| TASK DIRECTIONS |
Look below for the line containing "La expresidenta argentina" and the line containing "Pin Di Jaihwang", then set down both and every line between them exactly, without pictures.
*** DATA EXTRACTS
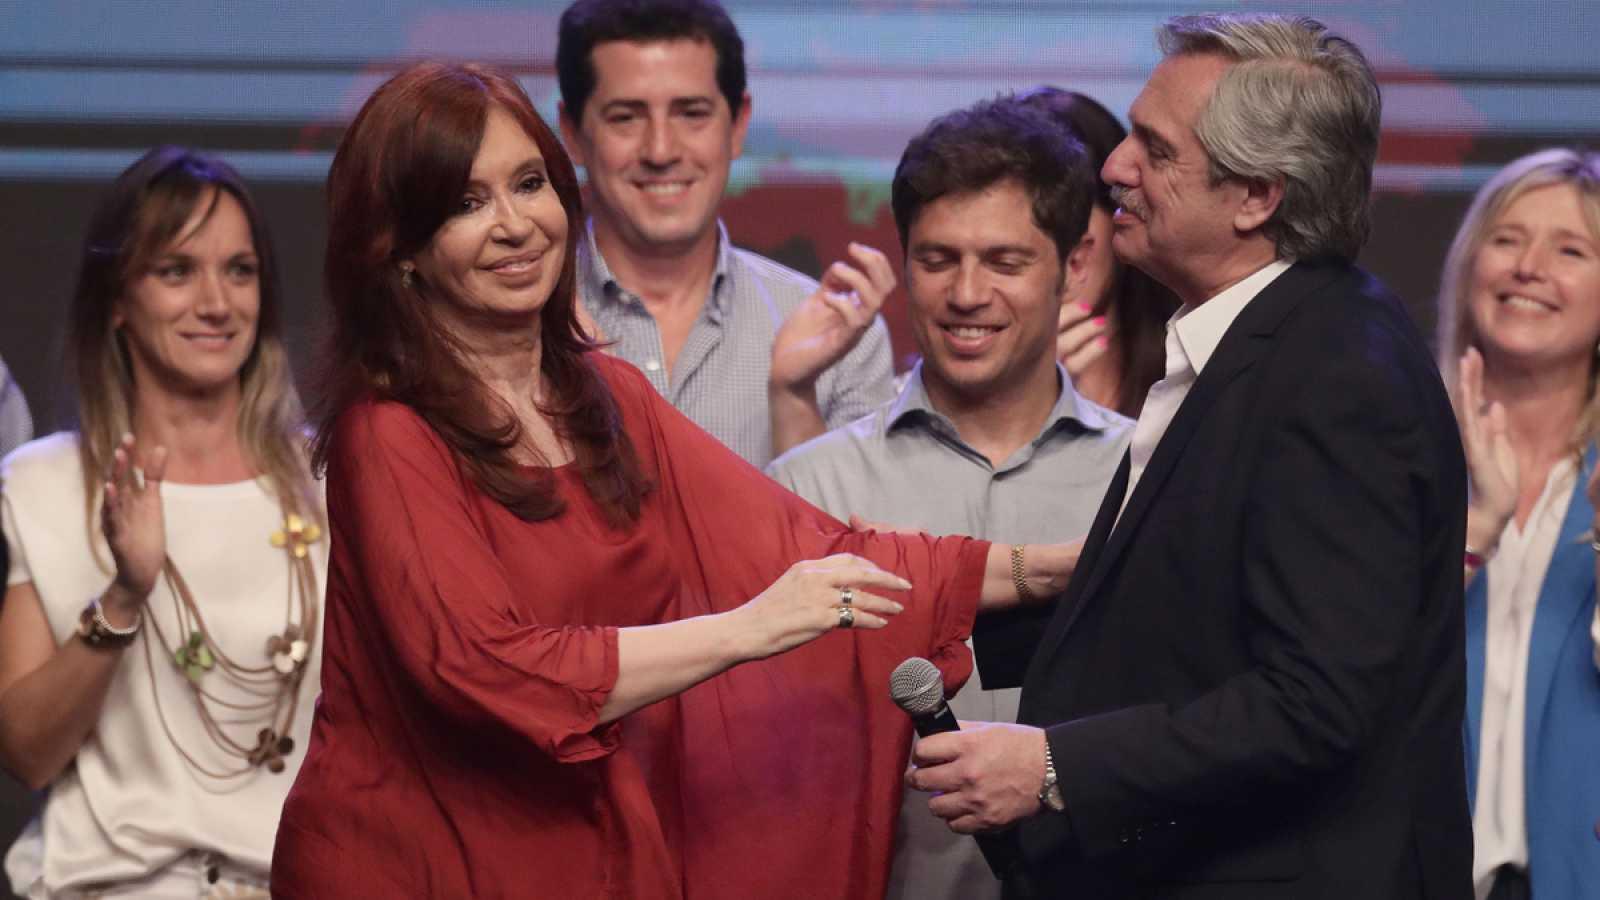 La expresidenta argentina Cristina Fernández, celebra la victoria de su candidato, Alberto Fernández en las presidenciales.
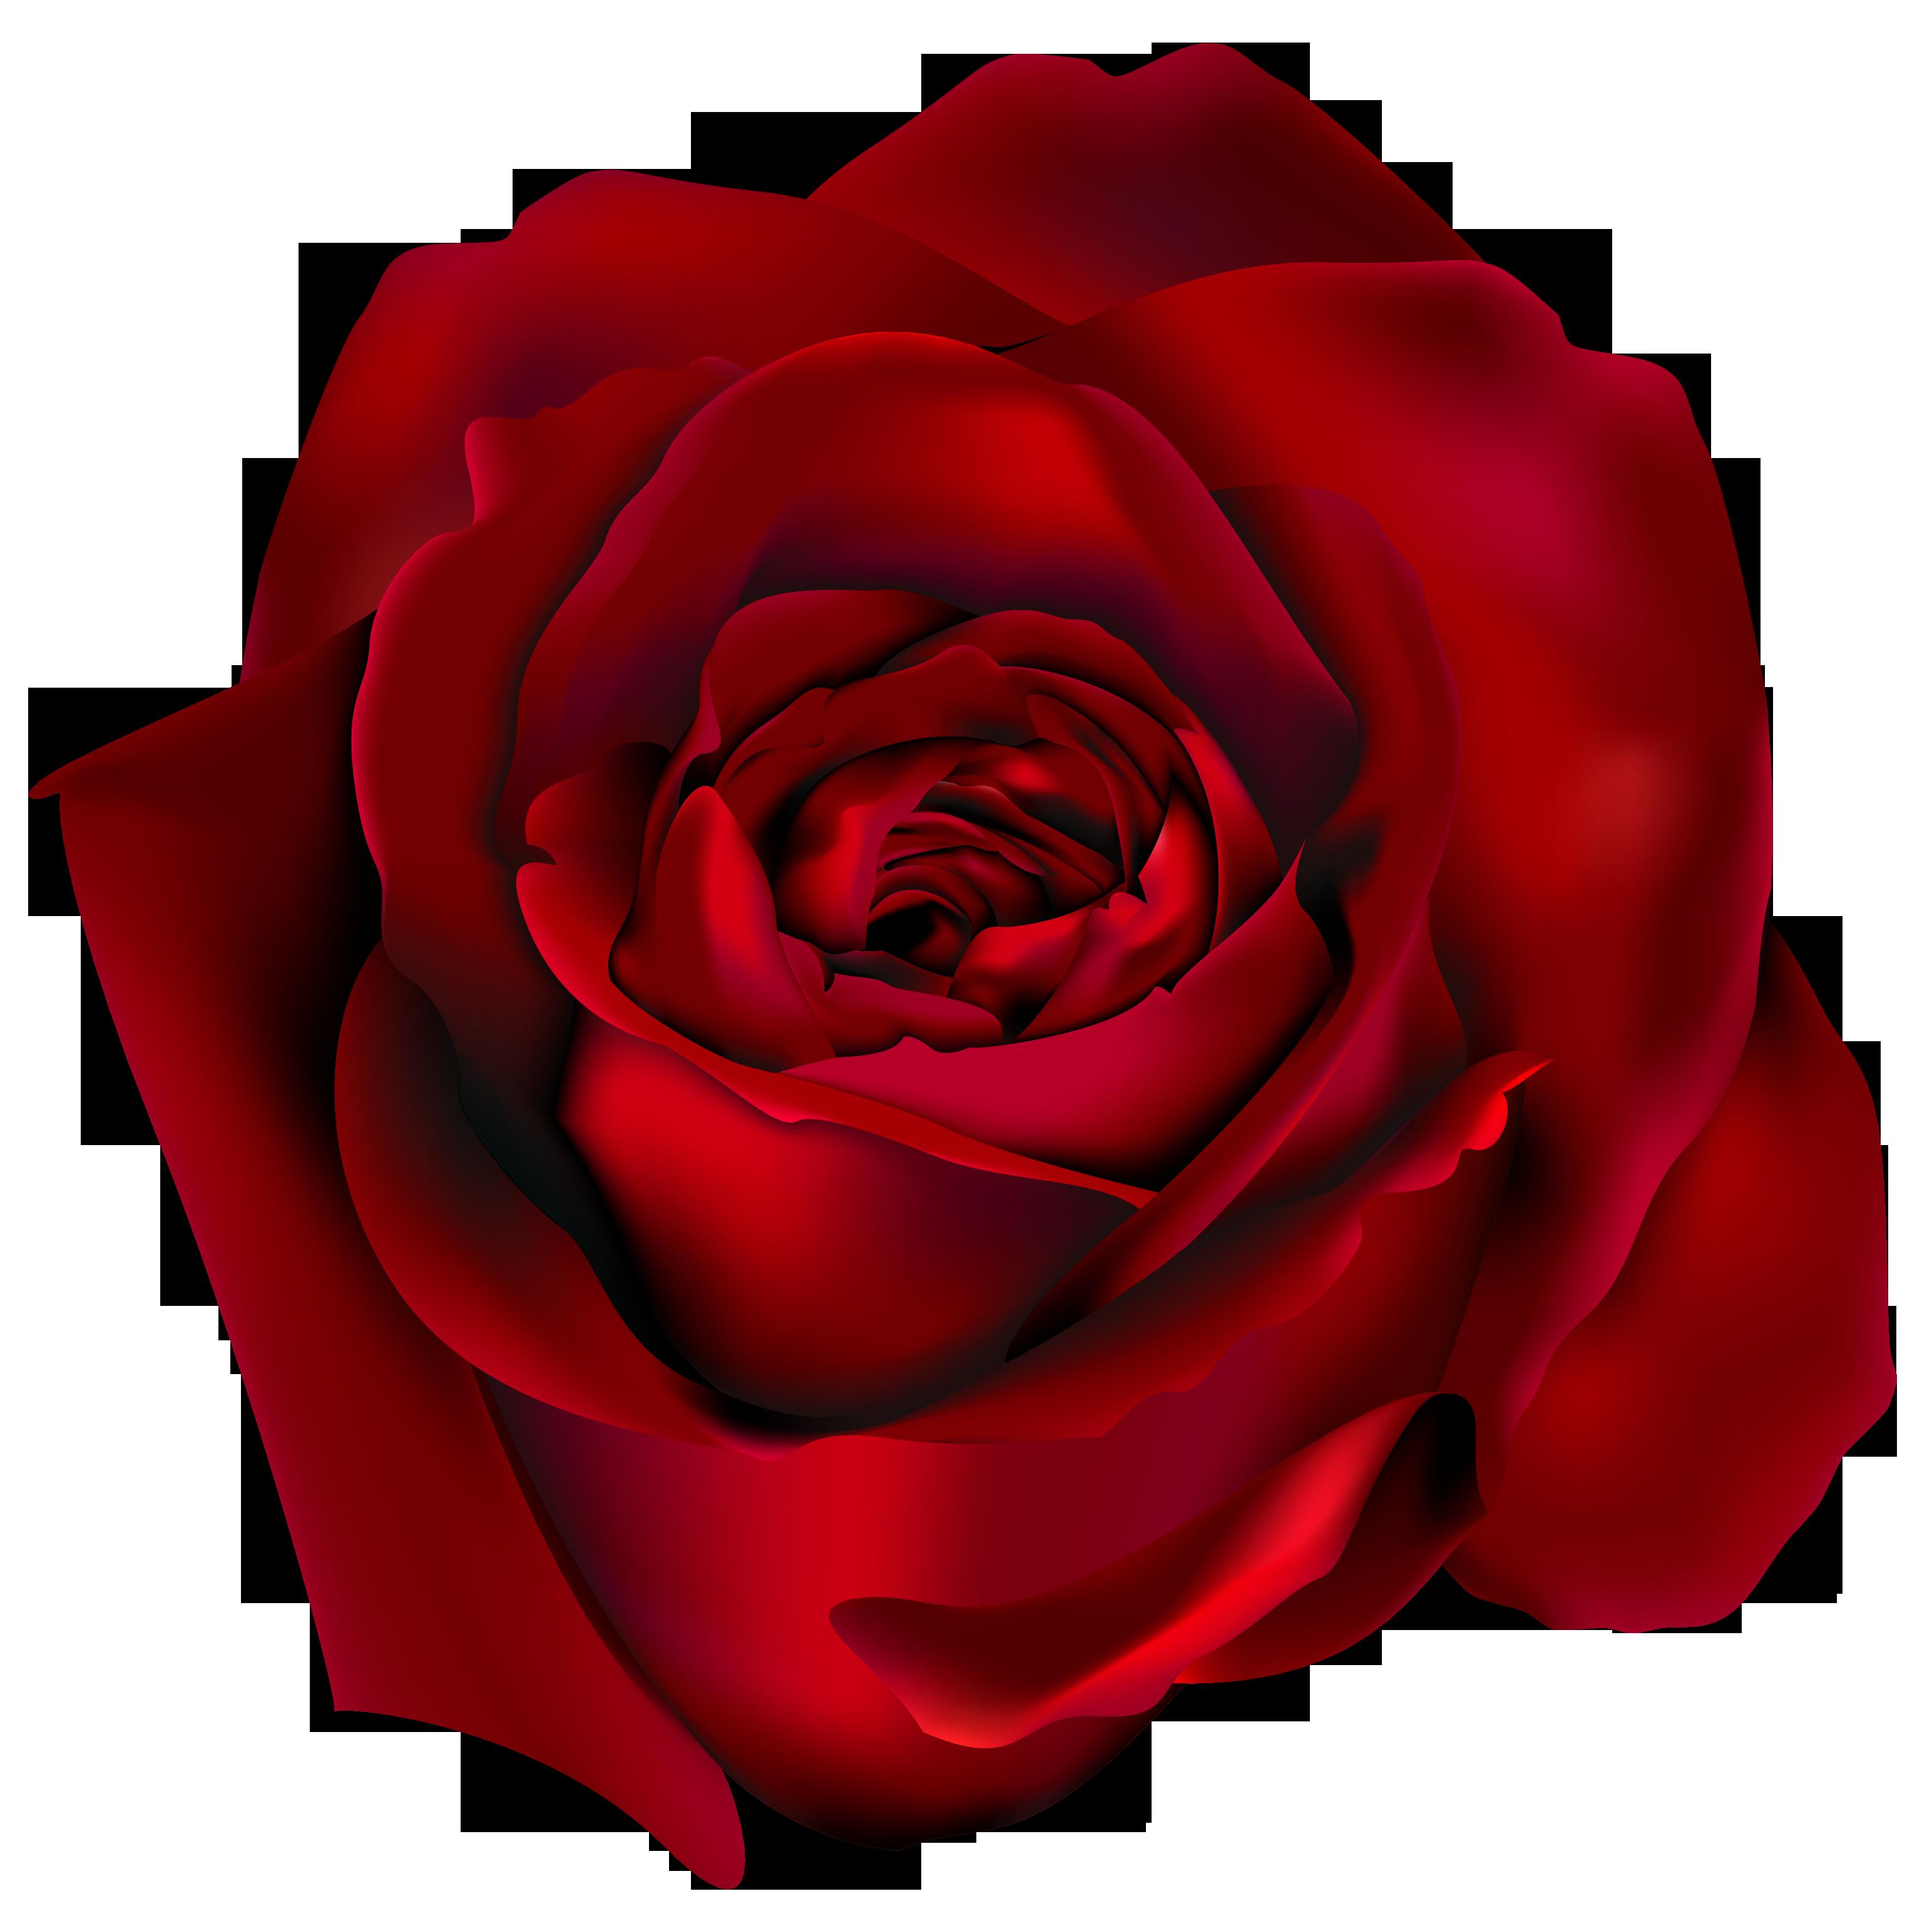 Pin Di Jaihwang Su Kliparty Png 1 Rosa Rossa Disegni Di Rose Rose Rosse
******
*** DATA EXTRACTS
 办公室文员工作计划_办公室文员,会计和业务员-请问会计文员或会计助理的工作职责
******
| COMPLETED TASK |
 La expresidenta argentina Cristina Fernández, celebra la victoria de su candidato, Alberto Fernández en las presidenciales.
 Pin Di Jaihwang Su Kliparty Png 1 Rosa Rossa Disegni Di Rose Rose Rosse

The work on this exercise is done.